▶ What you are asked to do: Reproduce the listing that follows in full. Omit its images.

▶ Information provided:
======
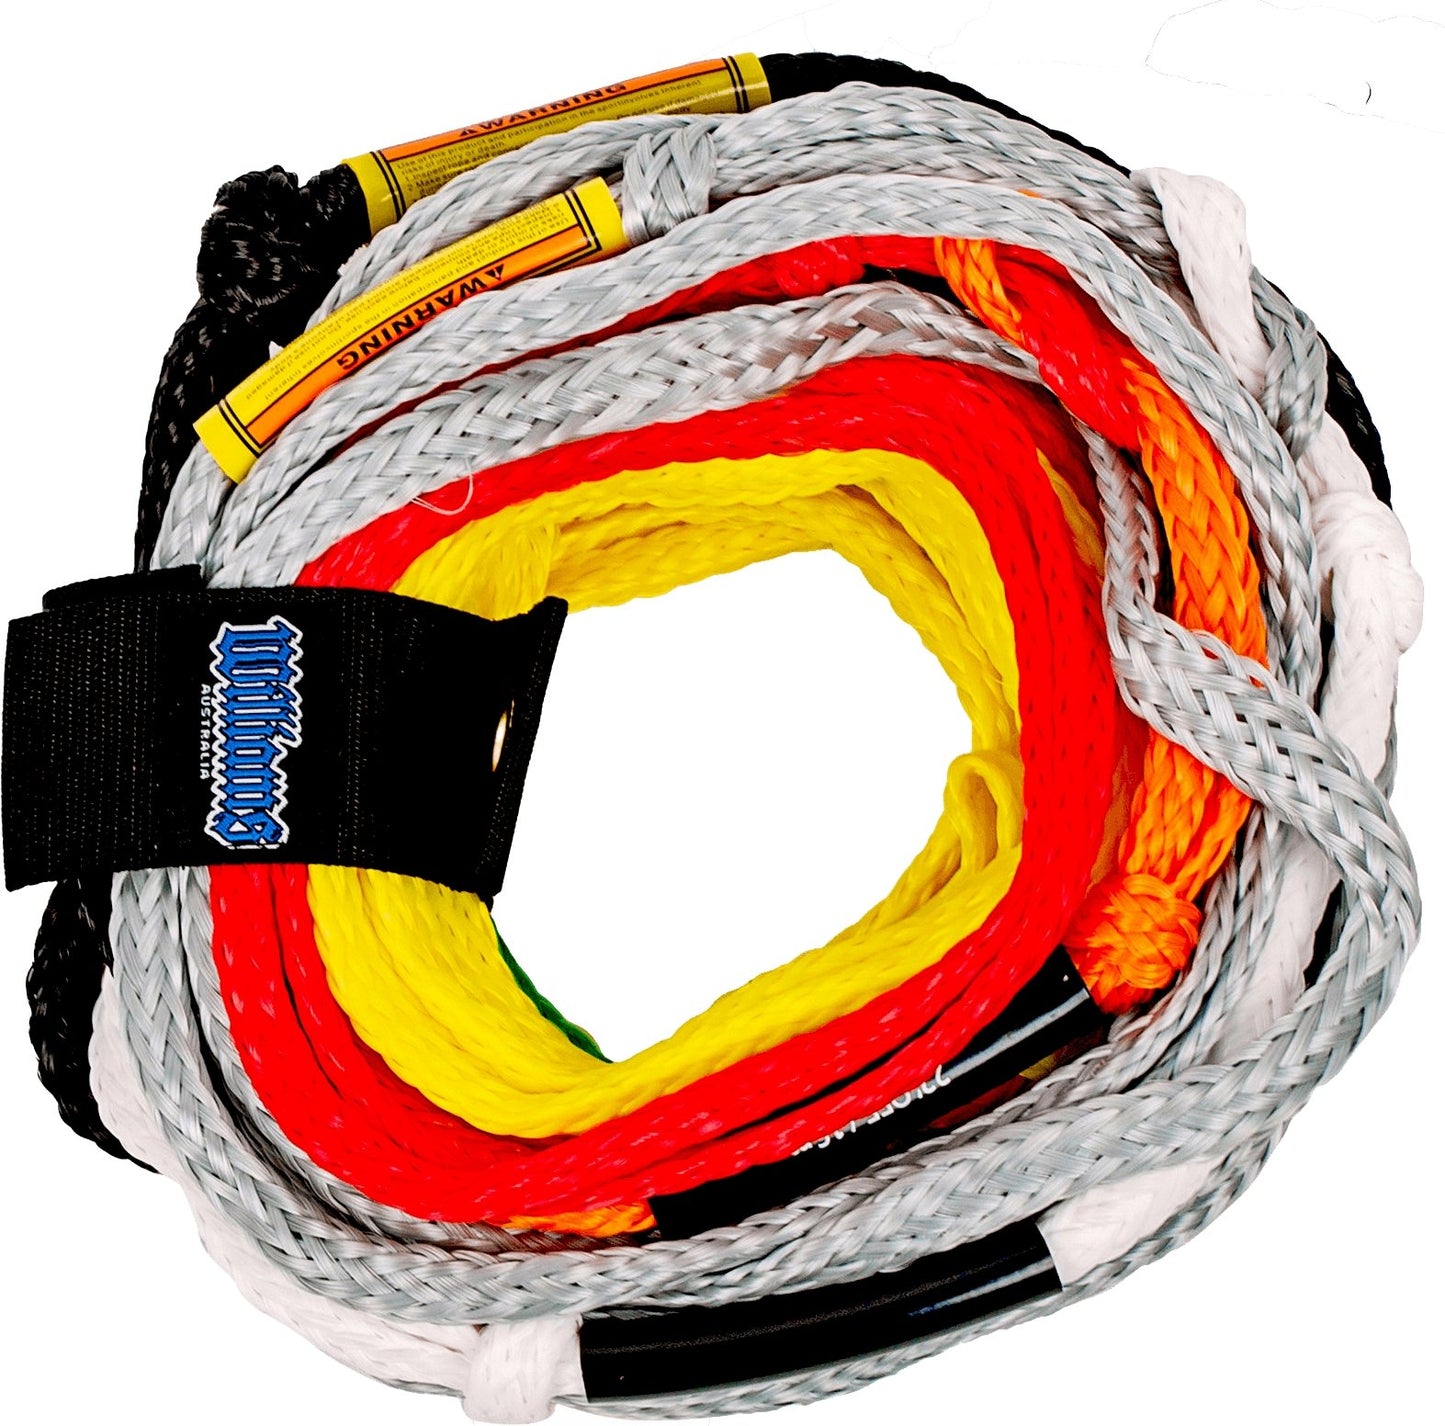 21.5M 8 Loop Rope Only - 80 Strand - Tournament Ready -Williams205601--
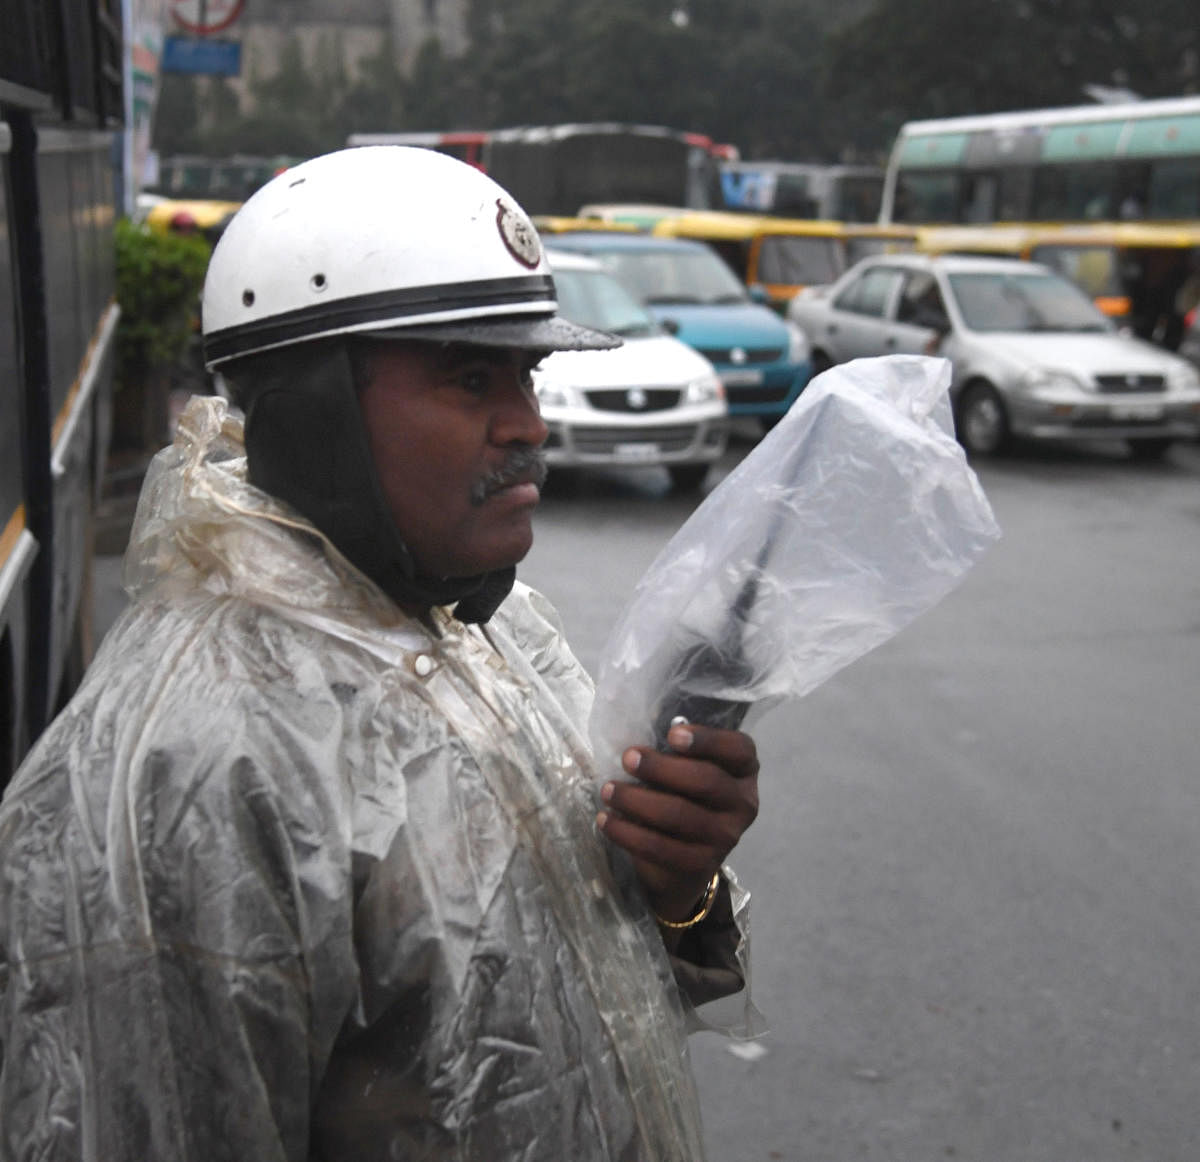 In Bengaluru, a number of traffic personnel have reported respiratory problems.
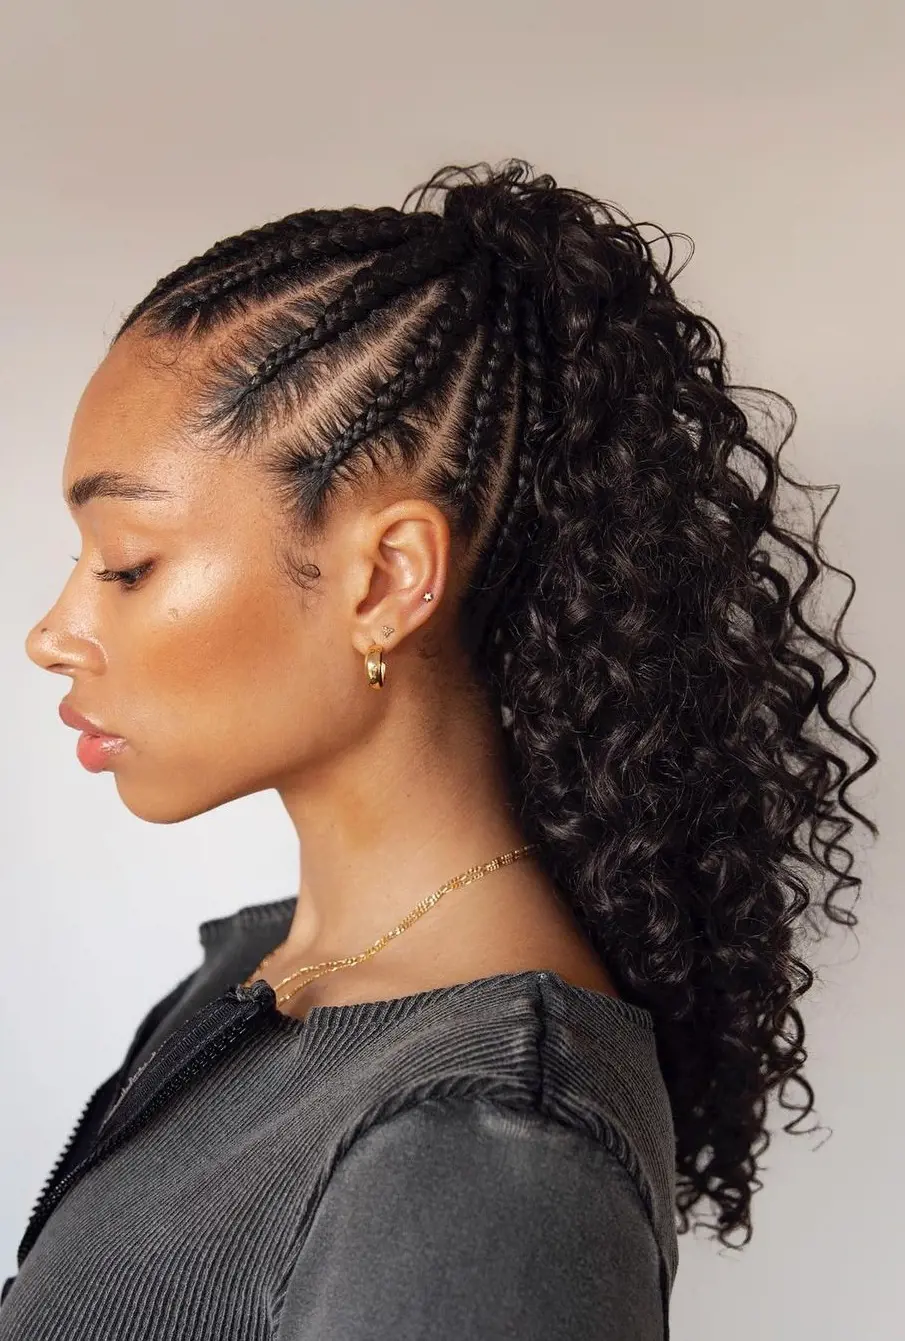 The braided half-back style involves braiding a section of hair along the crown of the head and securing it at the back
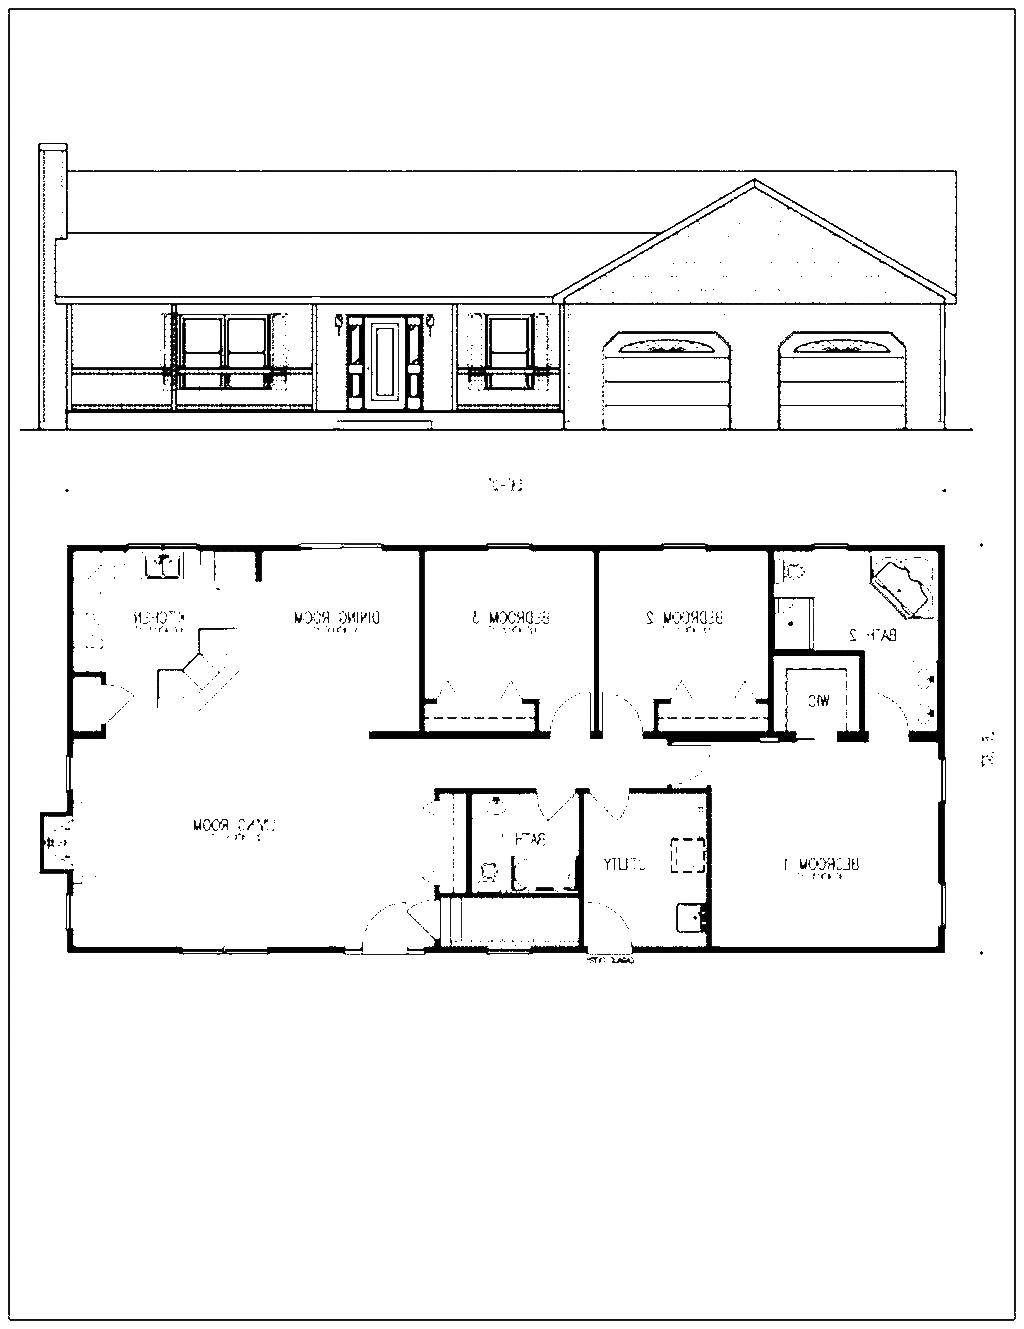 Coloring The scheme of a private house. Category Bedroom. Tags:  diagram, house.
======
▶ Output of the task:
 21.5M 8 Loop Rope Only - 80 Strand - Tournament Ready -Williams205601--
 In Bengaluru, a number of traffic personnel have reported respiratory problems.
 The braided half-back style involves braiding a section of hair along the crown of the head and securing it at the back
 Coloring The scheme of a private house. Category Bedroom. Tags:  diagram, house.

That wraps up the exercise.